## [Goal of the exercise]
Any picture in the listing is left out of the copy; all else is duplicated exactly.

Top of Data extract

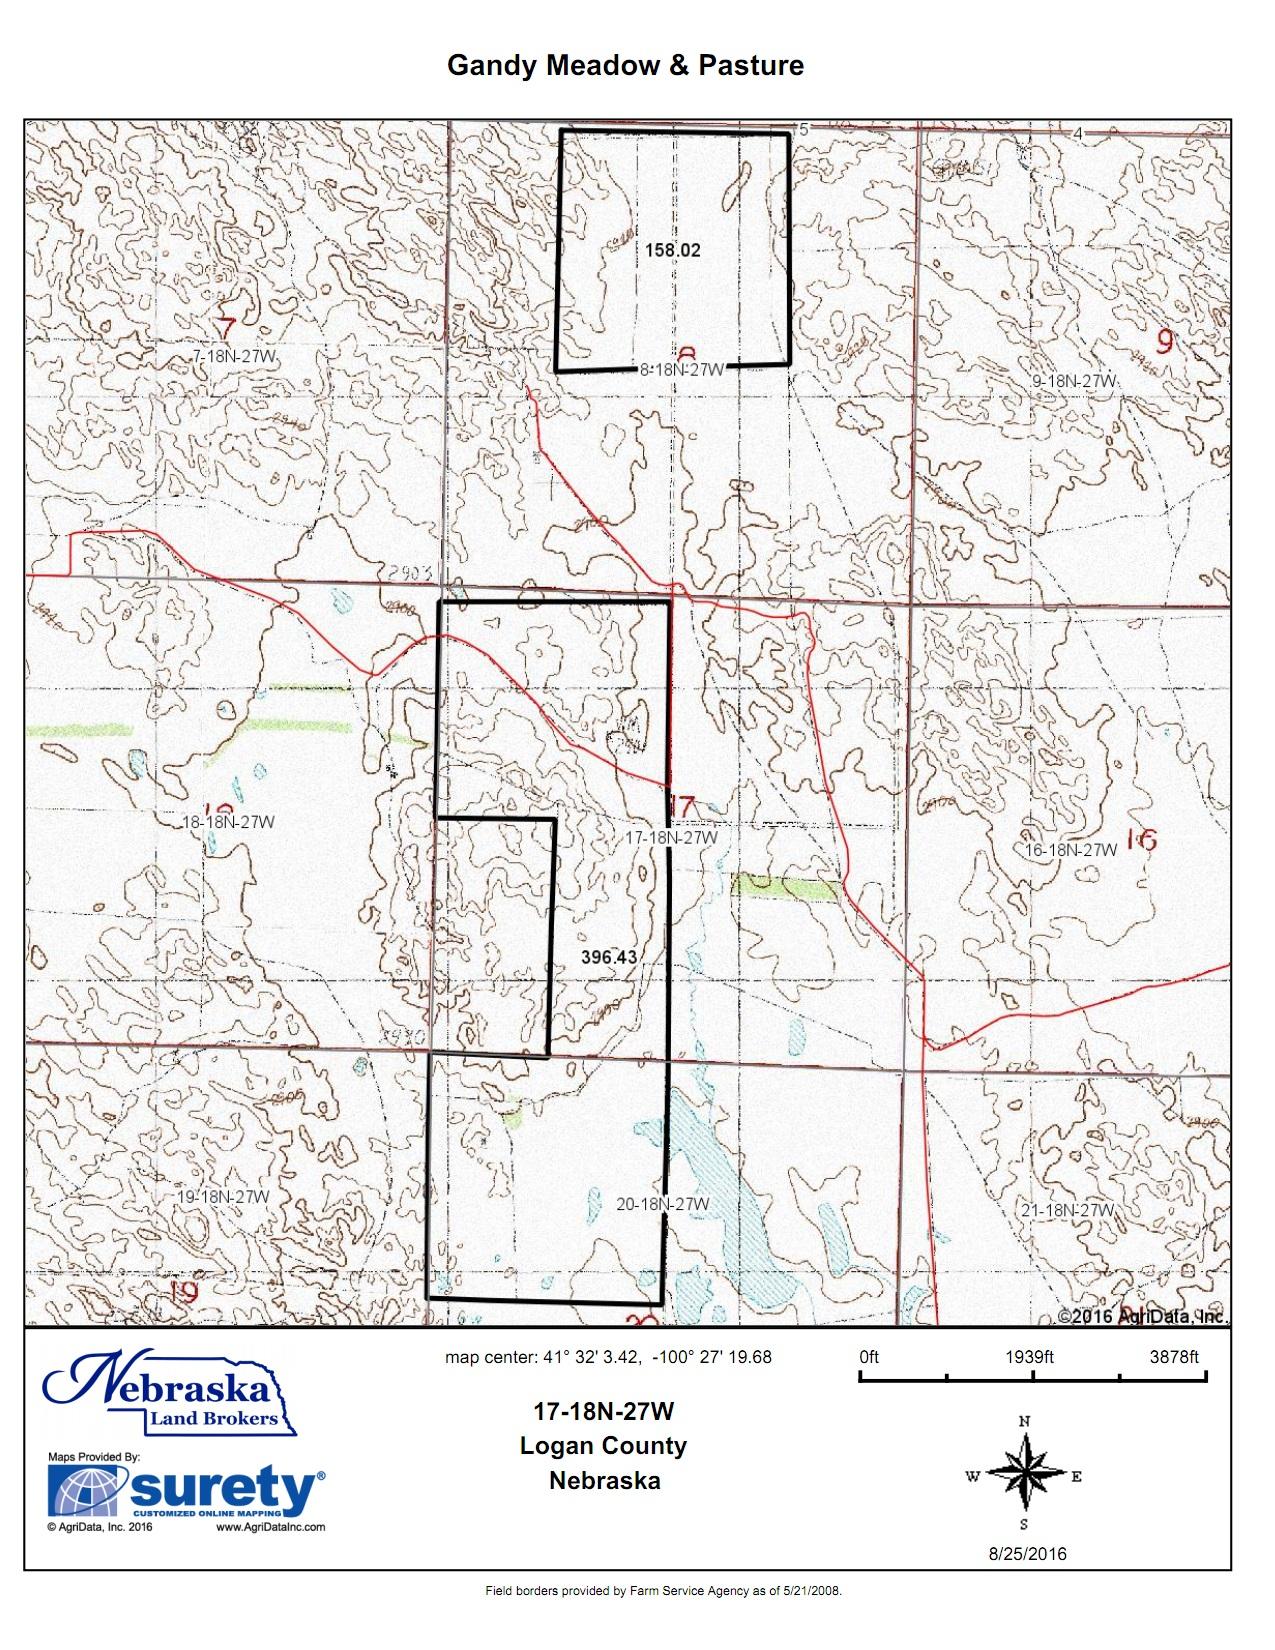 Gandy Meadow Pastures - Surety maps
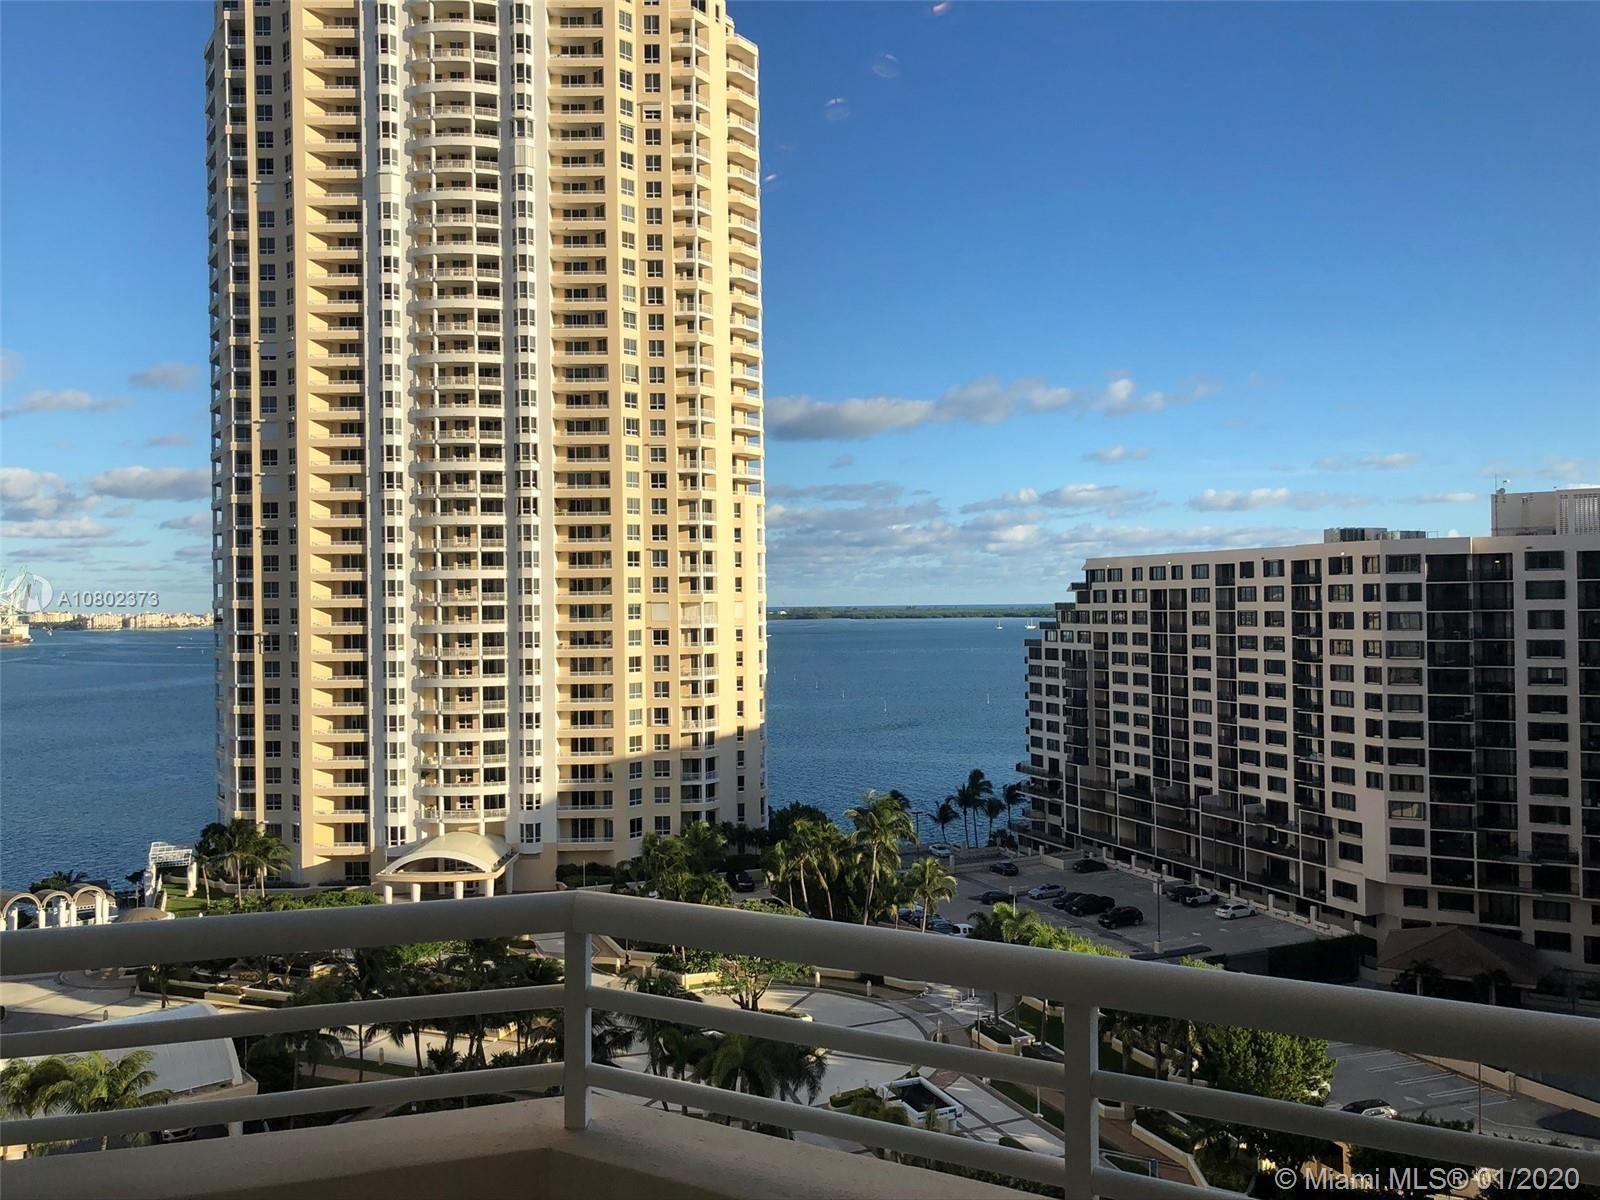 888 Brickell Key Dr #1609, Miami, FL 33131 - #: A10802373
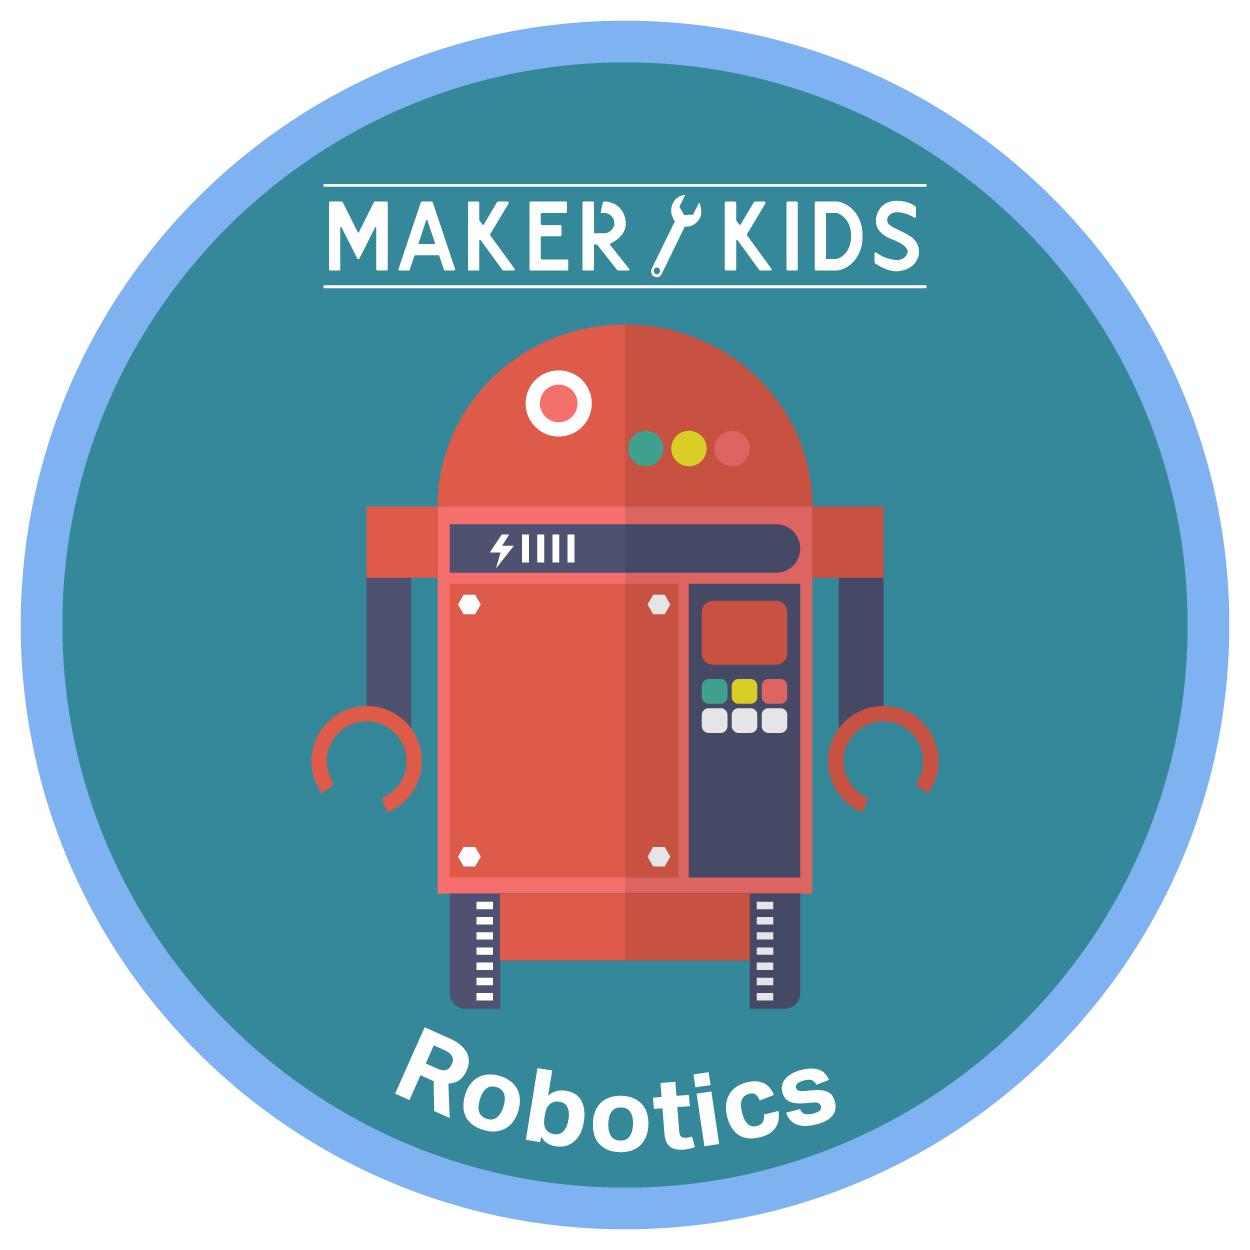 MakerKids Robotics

Bottom of Data extract

## [Solved problem]
 Gandy Meadow Pastures - Surety maps
 888 Brickell Key Dr #1609, Miami, FL 33131 - #: A10802373
 MakerKids Robotics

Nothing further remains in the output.